• _What you have to do_: Starting with the line that holds "RAL 170 60 30" and stopping after the line that holds "01 Asymmetric Flower Tunik", repeat the lines below word for word, without the pictures.

• _Record extracts_:

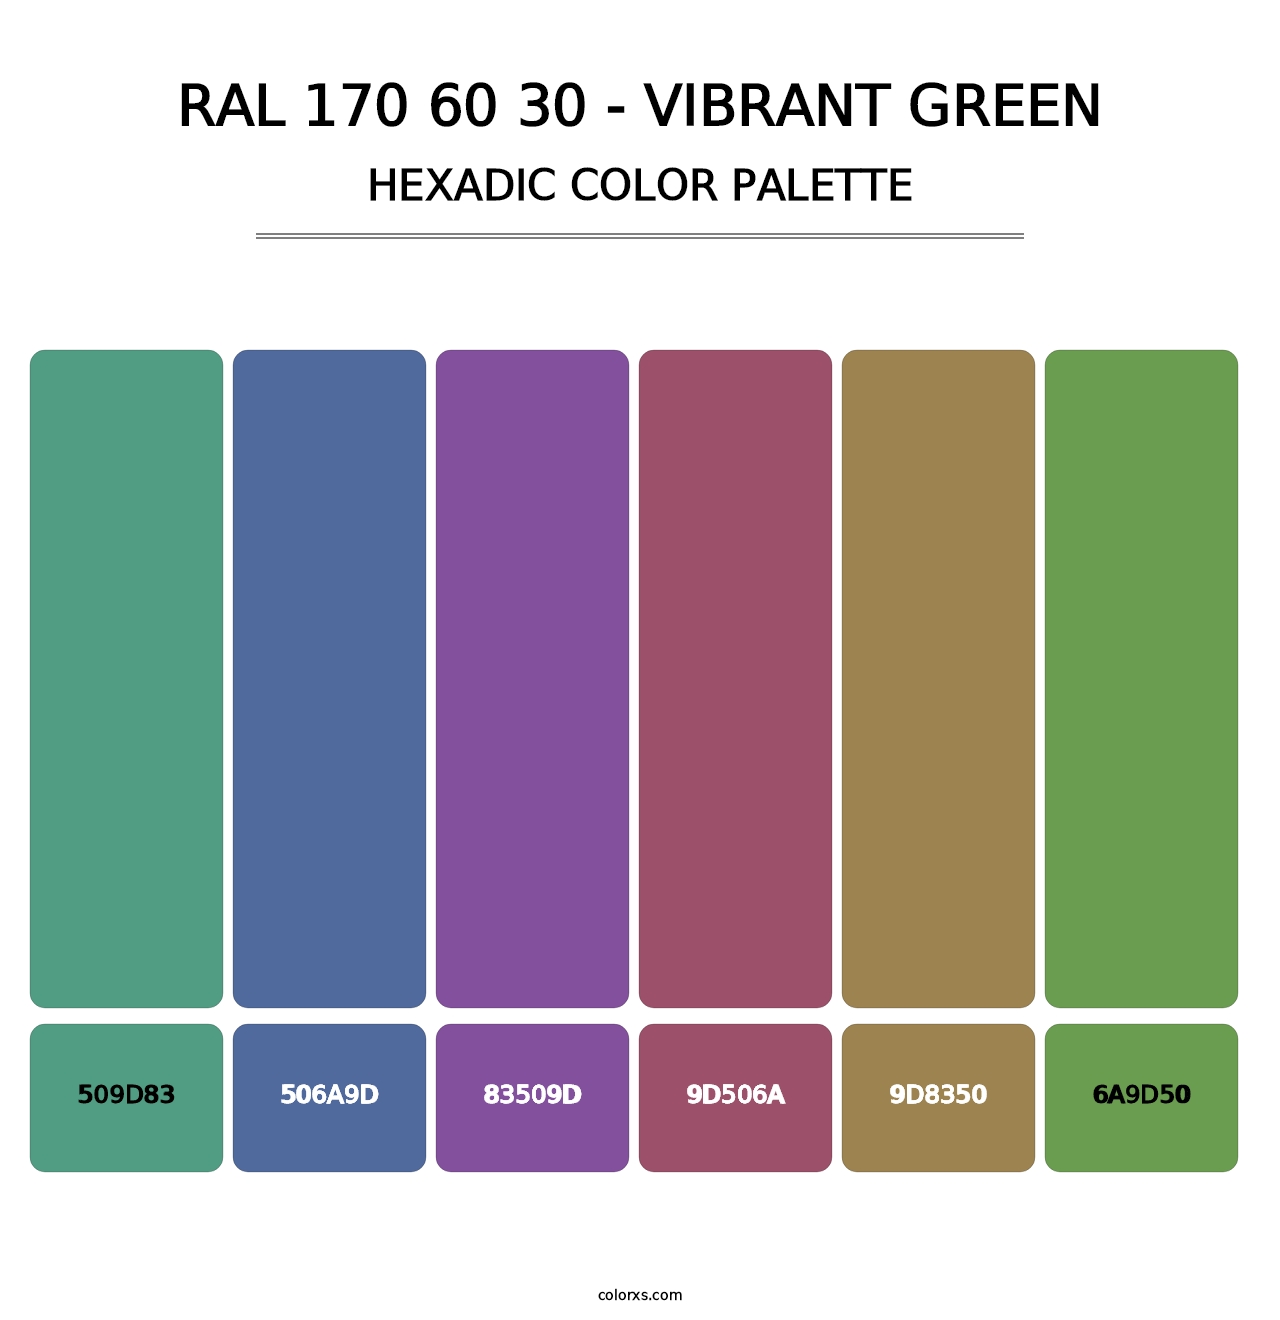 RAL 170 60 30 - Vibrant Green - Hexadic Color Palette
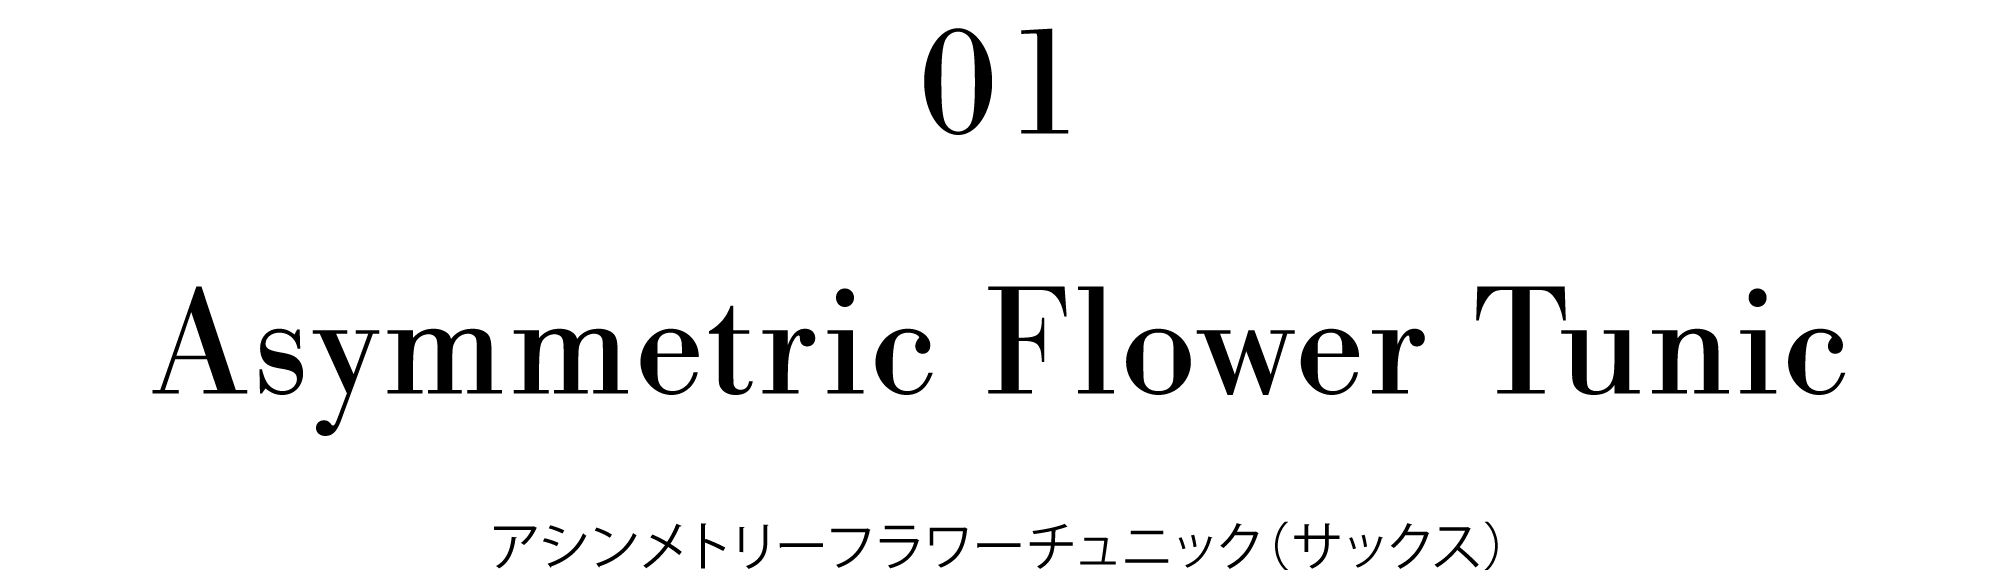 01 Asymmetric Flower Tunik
---
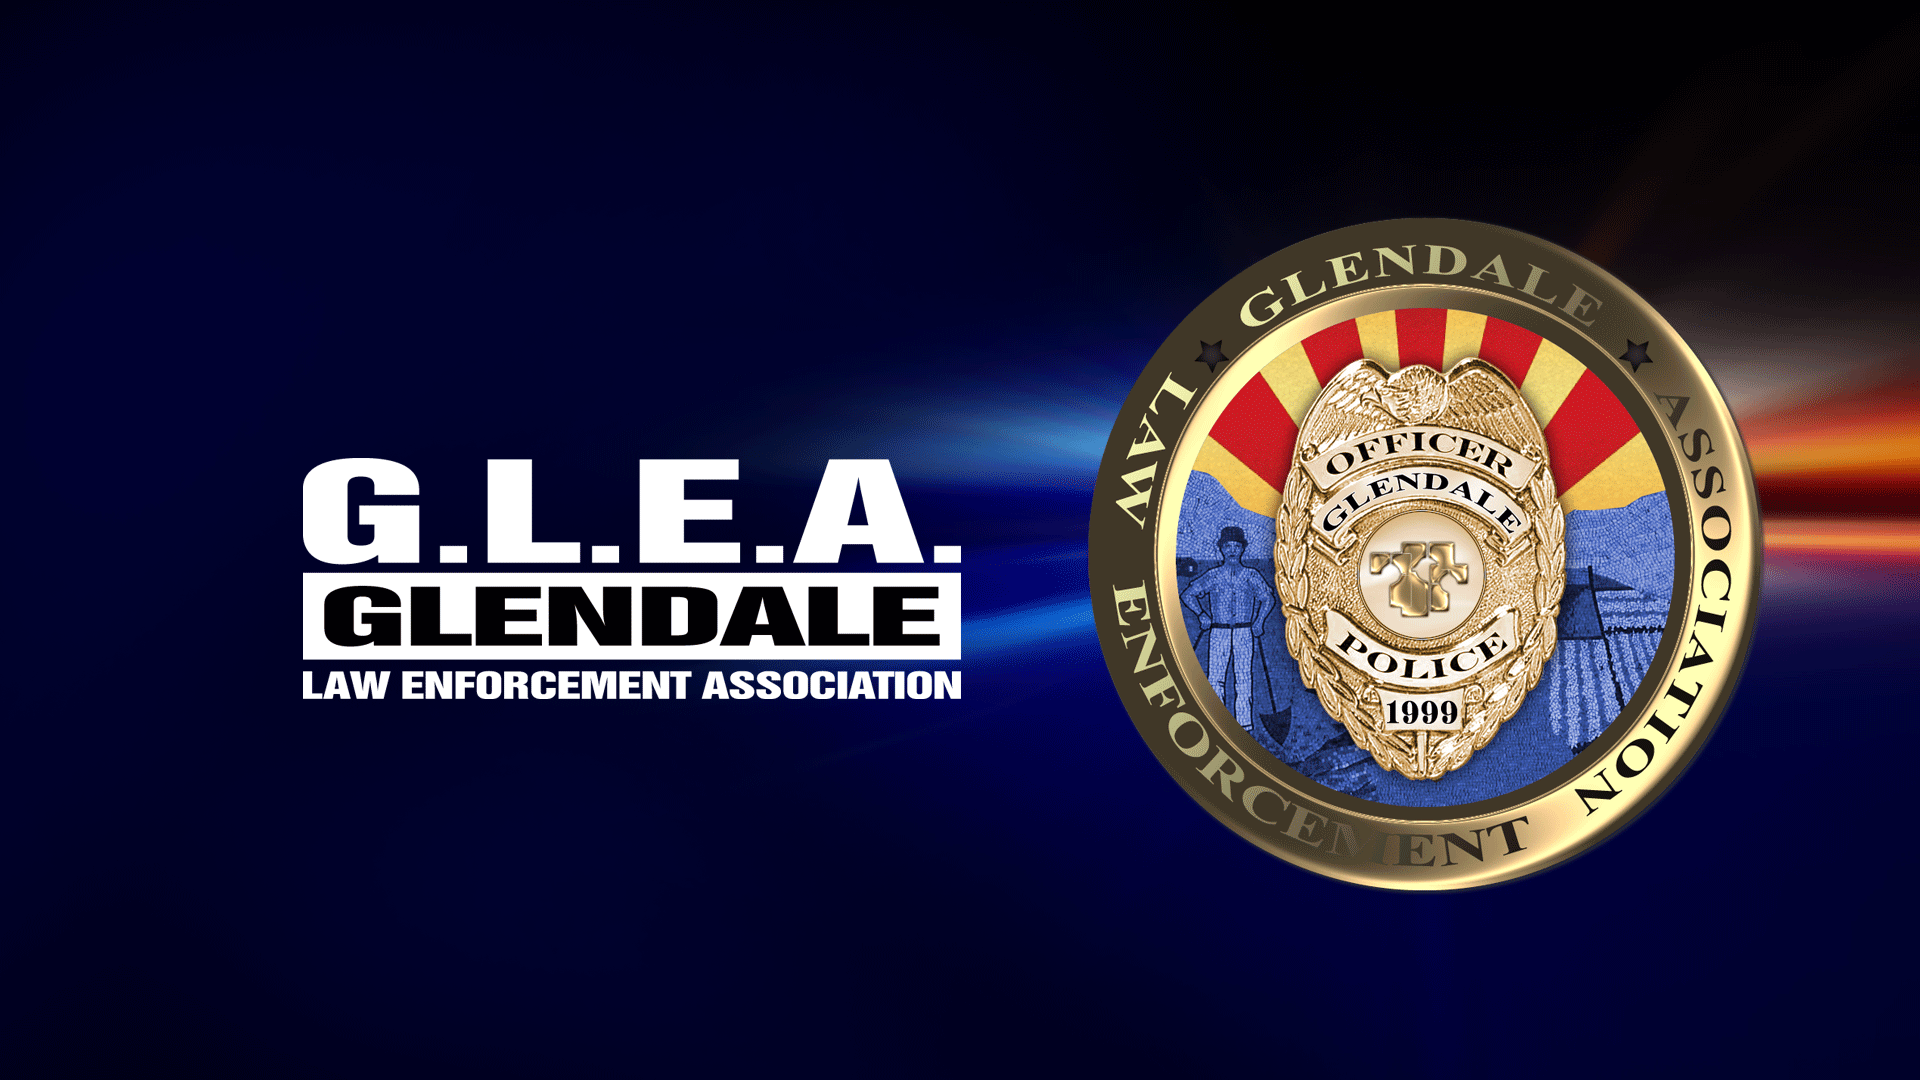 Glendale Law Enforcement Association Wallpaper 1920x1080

• _Response_:
 RAL 170 60 30 - Vibrant Green - Hexadic Color Palette
 01 Asymmetric Flower Tunik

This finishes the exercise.